Not spoken of yet is the technological progress gone berserk in reference to the implements of war — atomic bombs, napalm, lands mines, cluster bombs, etc, in the wars between people. (As far as any new technology related to peace goes, not much is looked for in that direction.) Technological progress has gone equally berserk in the war on the environment in general, with practices such as fracking and mountaintop removal, to name two of many. It starts to become obvious to intelligent thinking that Pleistocene peoples, hunters and gatherers, had a far higher quality of life than we have today. Safer, saner, more efficient, and obviously closer to nature and more personal.
What we seem to be building towards here is a technologically implicated cataclysm that will make Vietnam and Chernobyl look like child’s play. What may issue forth out of such a cataclysm is unimaginable. It will at minimum mean that human societies will have to take a few, maybe many steps backwards, technologically speaking. Whether we can do that remains to be seen. The cataclysm itself looks like a sure thing.
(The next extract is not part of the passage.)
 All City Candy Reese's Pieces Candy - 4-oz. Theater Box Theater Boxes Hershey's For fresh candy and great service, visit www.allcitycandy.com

A wise New Englander living in the 1800s once wrote: “Men have become the tools of their tools.” But I suppose there is no turning back until we are absolutely forced to. Something gained and something lost. More loss than gain, in my opinion. I am glad that we did not have cell phones when I thru-hiked the Appalachian Trail. That would have ruined it for me. I did not want to be always tethered to mankind, but to be as free and independent as possible.
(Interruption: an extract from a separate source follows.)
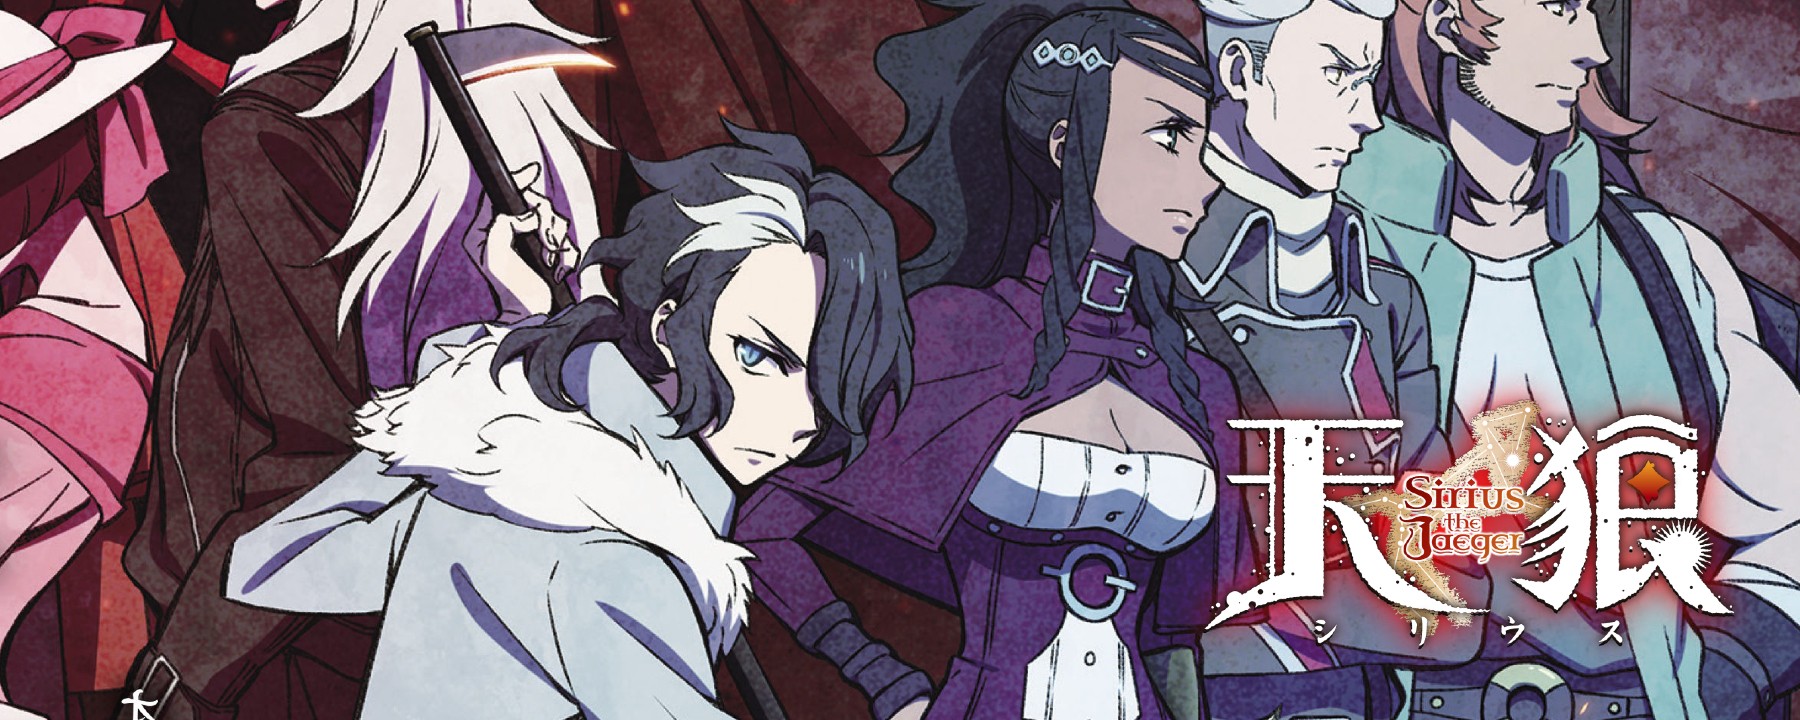 Anime Review: Sirius the Jaeger – (Mis)Adventures in Anime

Of course, ingrained in all of our “advancements” is the nature of human recklessness. As a species, we like to go fast, we like to flirt with death and, as the pornography industry has become synonymous with the development of internet, with sex. Our need for speed and our stumbling sprint toward the giant of death has meant that we use technology to enhance our ability to produce new, more “advanced,” technologies even faster–as computer chips become smaller, they also become more efficient, and faster. Ergo, we are able to pack our tiny lives with more tiny things that shove our major themes and mental faculties outside the margins.
What a fantastic, not in value but in scale, reversal. When you were writing for the Charlestown Gazette, if you might have walked to work with a hunk of plastic and silicon in tow, you might have been ogled by mysterious (dare I say, jealous?) stares. Now, walking around with a book or folded newspaper tucked under one arm is met with bedazzled eyes, with maybe a feint whispering of “what is he trying to prove?” from the hipster kid scrolling through the scentless cyber-pages of Animal Farm on his Kindle.
The sound of a pages being turned in the library has been replaced by the incessant pecking of plastic keys; double-click, copy, paste, make note, click, save document… and so it goes, even the fading luminescence of a highlighter has been extinguished, along with the twilight of our critical faculties.
Since you’re willing to exempt some uses of technology from condemnation, let’s take a moment to praise resulting medical progress, 911, and cell phones that allow rescuers to get the scenes of crimes, floods, accidents, fires–all sorts of emergencies–in time to save lives. How many lives, I wonder, have been saved because someone had a cell phone at the scene of a car accident?
Of course, Keith, the obvious caveat to your hypothetical question is one also has to wonder how many lives may be spared from car accidents, if cars did not exist.